Some individuals are only mildly affected by arthritis starting in middle-age whilst others experience pain from an early age. The disease is multi-factorial, but genetics are known to play a part. Screening programs of breeding adults are in place and breeders should be asked if they are participating.

Type 2 von Willebrands Disease (vWD)

vWD is an inherited condition that affects blood clotting. The cause is an insufficient amount of von Willebrand factor, a protein in blood essential for the clotting process.
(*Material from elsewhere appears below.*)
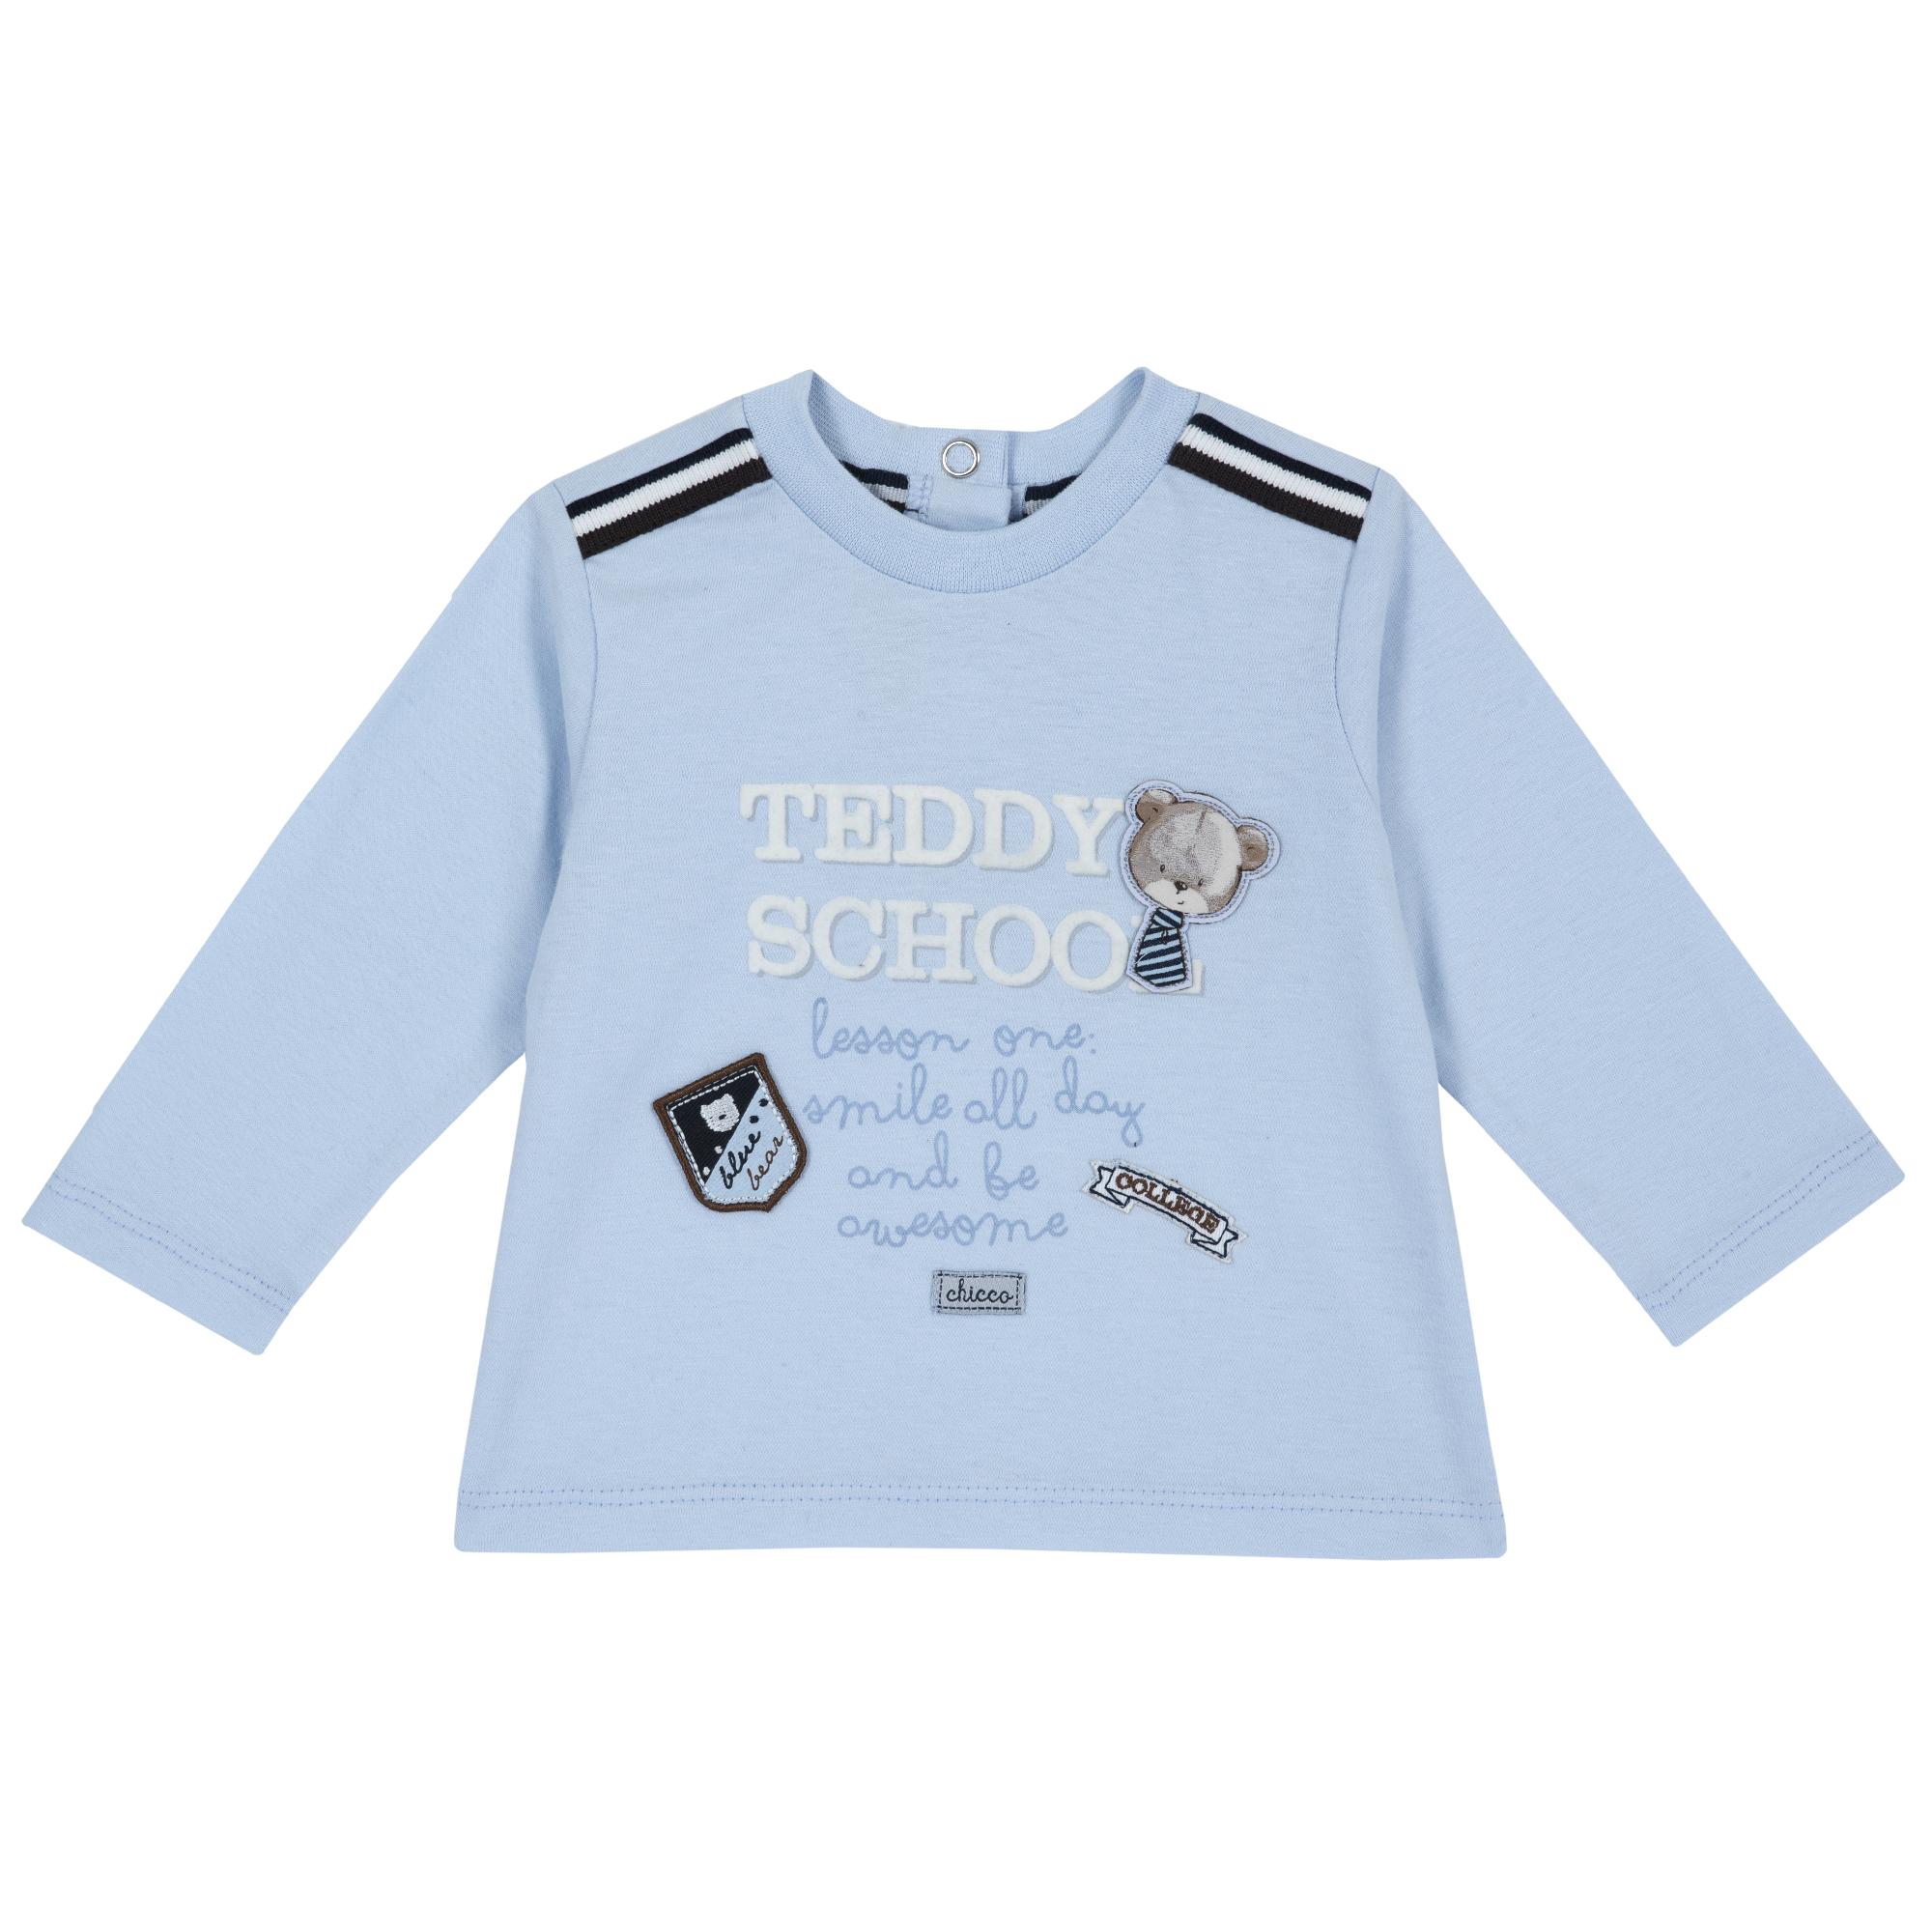 Tricou copii Chicco, maneca lunga, aplicatii cu ursuleti, albastru, 06780 din categoria Tricouri copii

Without blood clotting, even minor wounds can result in excessive bleeding. There are three types of vWD with type 2, a more severe version, affecting the German Wirehaired Pointer.

The disease might initially be recognised by bleeding gums, blood in the faeces or urine or unexplained nose bleeds. vWD is diagnosed through blood tests and a DNA test is available. The gene that causes the disease is recessive, so unaffected carriers should not be used for breeding. A screening test is available for breeding animals.

Exercise and Activity Levels

Like other working breeds, the German Wirehaired Pointer has plenty of energy to expend. An adult will require a minimum of two hours per day with as much time off the lead as possible. A bored dog will quickly become difficult to handle and may be destructive.

As well as their walking requirements, ready access to a well-fenced outdoor area is recommended. Their exercise requirements exclude them from apartments and make them difficult to keep in an urban environment without dedicated owners.


German Wirehaired Pointers have a dense undercoat that sheds all year round. They should be brushed once a week to keep their shedding under control and maintain a healthy coat. When they moult in spring and autumn a daily brushing session would be best. Otherwise, they are low maintenance although some owners will prefer to trim their coats and beards to keep them looking as tidy as possible.

Famous German Wirehaired Pointers

Although they are renowned in the hunting world as effective working dogs, the German Wirehaired Pointer has yet to find fame elsewhere. However, for anyone researching the breed, you may be interested in taking a gander at photos taken by owners of the breed on Instagram.


There are not yet any recognised German Wirehaired Pointer cross-breeds.